Thank you for leaving pool of vagina on my girlfriends carpet.
That chode just called off the engagement. I just dropped his toothbrush in the toilet. And I’ve forgotten to take my birth control for the past two weeks. He’s fucked!
I will tell my future kids about the time I went to the bar with a stomach virus. Like a champ.
So we'll go out later for condoms and cake batter... aka grocery shopping for champions.
I am "lost the control of my head" high right now.
You have like just as much sex as me and I have a brand new bf. That does not add up. That is not right.
The worst part about getting "creative" and by that i mean baked is that i just wanna get laid right now and all im doing is eating nachos
If if makes you feel any better, you're definitely the hottest guy I've ever friendzoned.
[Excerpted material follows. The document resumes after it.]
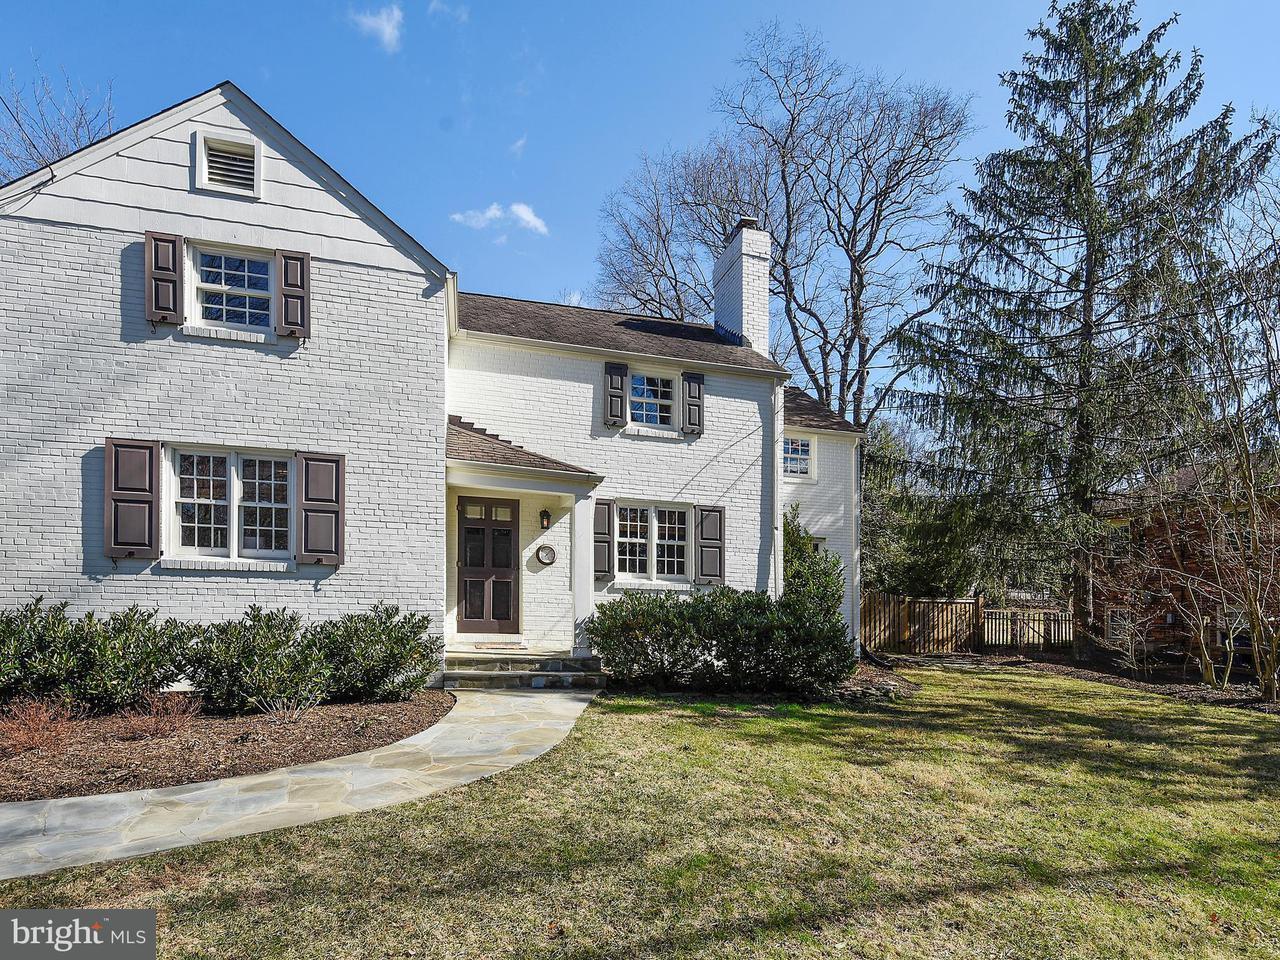 农场 为 销售 在 2849 Maple Lane 2849 Maple Lane Fairfax, 弗吉尼亚州 22031 美国

He just pulled out my weave during sex....needless to say I'm embarrassed and in need of another shot pronto
Found out the cop gives spectacular head. Don't ask. We're going out to dinner Saturday.
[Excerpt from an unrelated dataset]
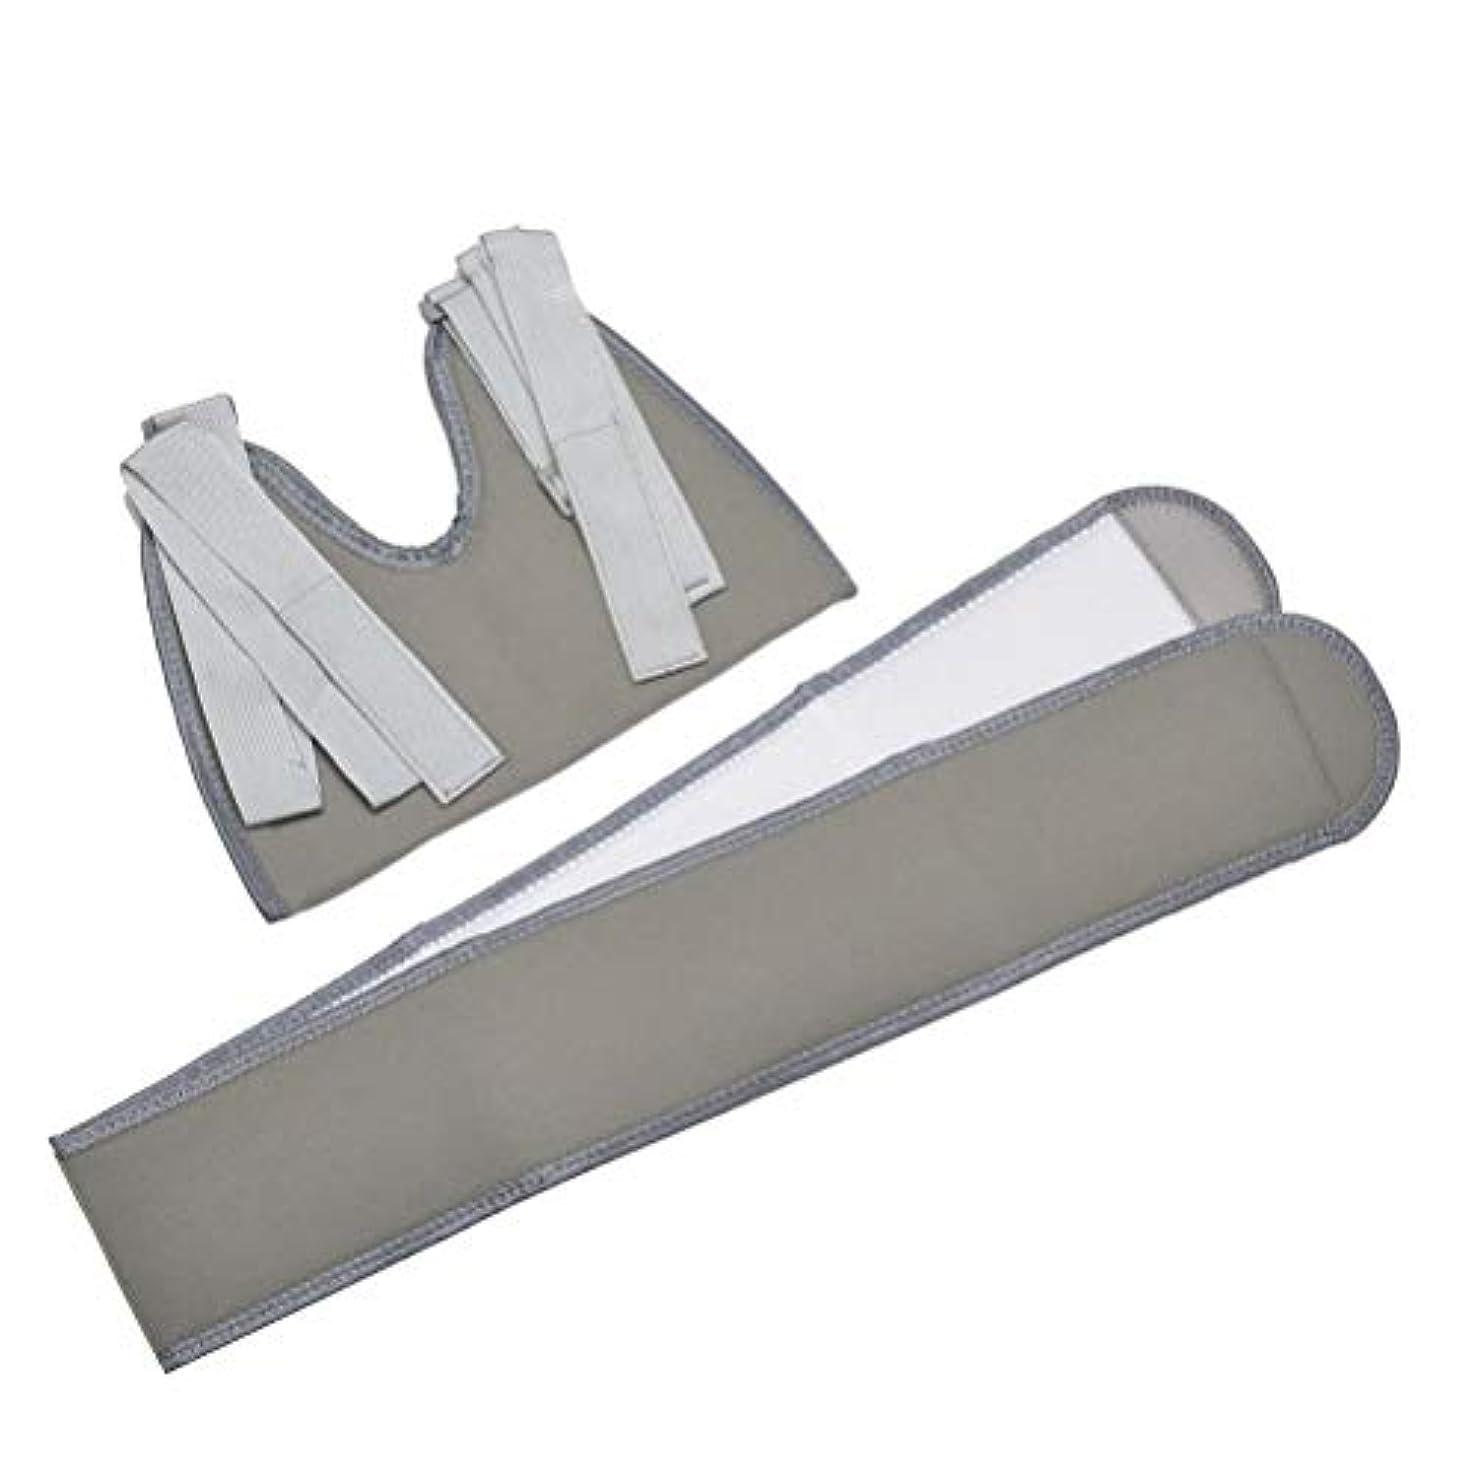 兵器庫白菜ロープHealifty アームスリング調整式エルボーサポートブレース

I wasn't going to drink. Then there was alcohol so I gave that up.
Well, I ruined his toilet and he's still completely okay with me. Plus, it took him like a week to tell me.
If a girl I didn't love ruined my toilet I don't think I'd stick around.
The dog destroyed my vibrator and swallowed several pieces. Vet gave us a laxative so now I’m checking lots of dog shit and having no orgasms. Plus the cute vet knows I don’t get enough dick, so that’s just great
I'm hearing voices and sirens. I'm scared. I heard a manatee out there.
Fucker was flying a Bruins flag. He can pick up the dog's poop himself.